Overall, every time Luke P. has been in the wrong, he's asserted his needs, manipulated the truth, and then backtracked whenever Hannah responded poorly. In their blowout last night, he fell back on the same pattern: confront, manipulate to gain power (occasionally lying), and then backtrack to save face.
Whatever good Hannah saw in Luke P. prior to Fantasy Suite week has been washed away. When Luke P. tried to wield religion against Hannah to shame her, she called him out on it. The Bachelorette proved that she had her Biblical receipts, retorting, "You know the story in the Bible when the woman was called out for adultery, and she was stoned in the village, and Jesus said, He that is without sin among you, let him first cast a stone at her.

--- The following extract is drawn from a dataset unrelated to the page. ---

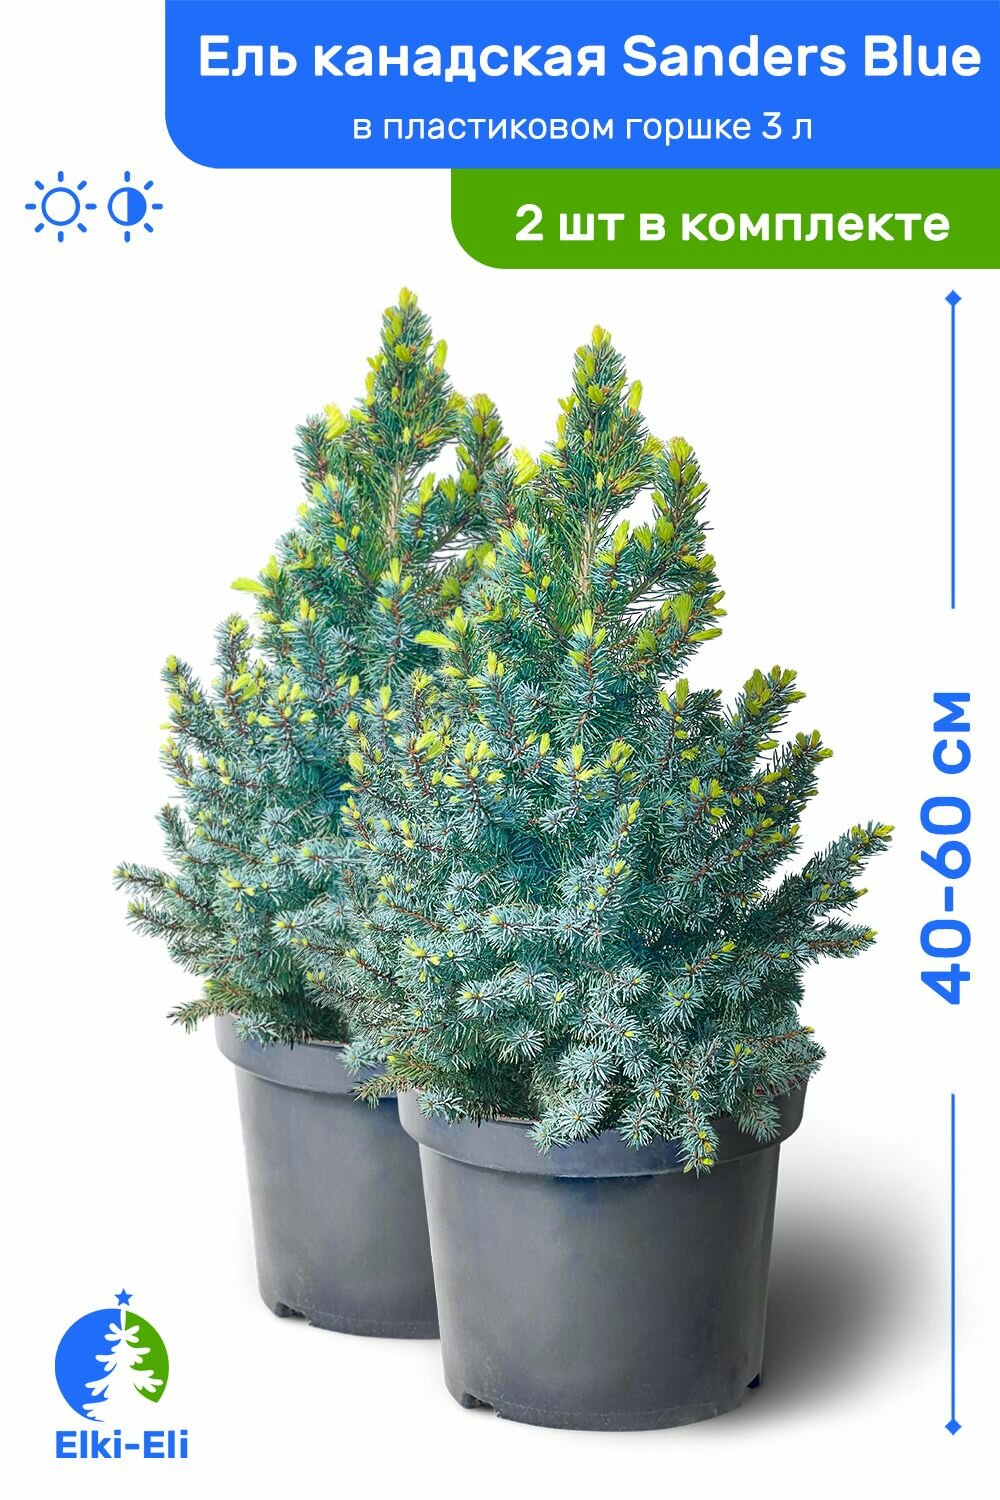 Ель канадская Sanders Blue (Сандерс Блю) 40-60 см в пластиковом горшке 3 л саженец хвойное живое растение комплект из 2 шт
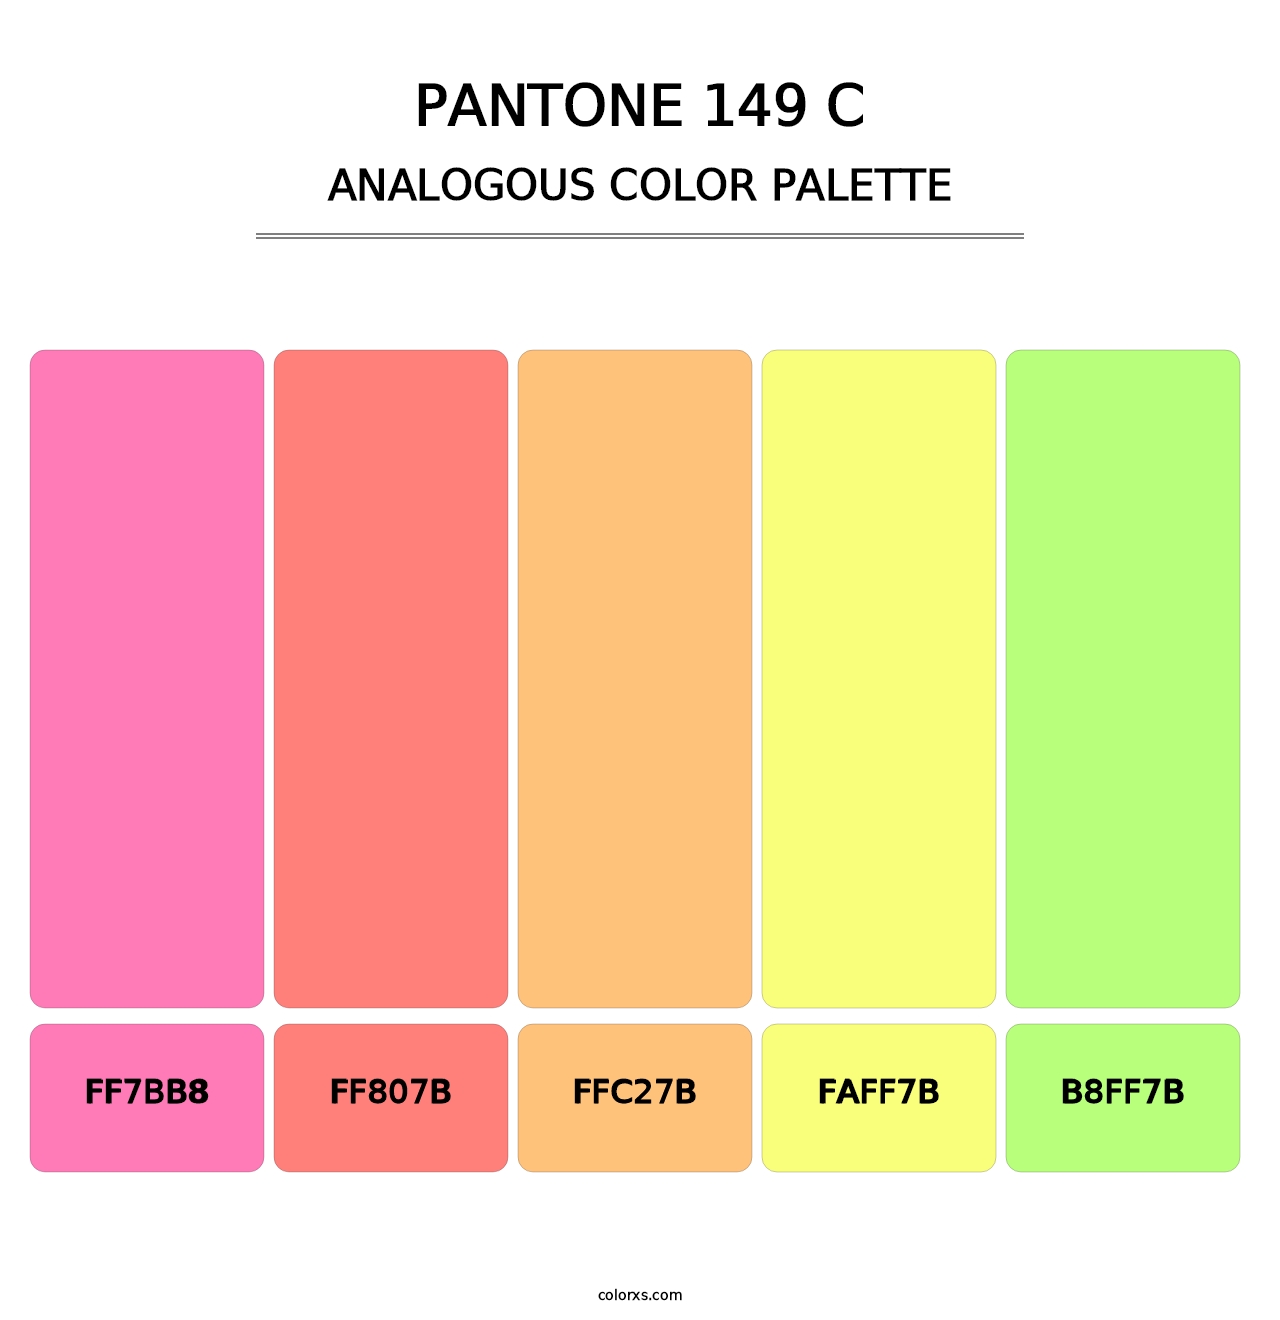 PANTONE 149 C - Analogous Color Palette

You're holding your stone up at me and asking me what I've done."
Unfortunately, gaslighting in the Christian community isn't anything new. Too many self-righteous believers still condemn, shame, and utilize their beliefs to shame sinners and preach a narrow way of life. Hannah aptly addressed Luke P.'s hypocrisy by informing him, "Sex might be a sin out of marriage, but pride is a sin too." She continued, "It's like you're holding other people to a standard that you don't even live by."
Faith is meant to spread love and light. Like Hannah said, "I know that I have God in my heart, so I know that everything I do and who I am is light. I am light. Do I make mistakes? I'm not Jesus." Her commentary shed light on the stark contrast between more progressive, inclusive Christians who have embraced the modern world and others who stick to their outdated, hypocritical agendas (like those who are pro-life but don't care about keeping children in cages).
For the formerly apolitical show to air their conversation is a sign that the genre of "reality" TV is still expanding its social consciousness; in particular, it displays that the Bachelor Franchise has solid potential (even after 17 years) to spark new conversations and highlight important narratives. Unfortunately, as portrayed in the previews for next week, the producers seem to allow Luke P. to come back, undoubtedly to exasperate Hannah and continue the toxic drama that is Luke P.'s existence.
ABC's production seems to take a positive step forward by airing their candid conversation, but they still kept around an emotional abuser and then brought him back to let him try to manipulate his way back into Hannah's heart. At least Hannah Brown finally gained clarity and found her way out of a controlling relationship (for now). Hopefully, like other leads who have been forced to endure harmful, disruptive, racist, and misogynistic contestants, Hannah can come out on top, with continued love and respect for herself and her relationship with God.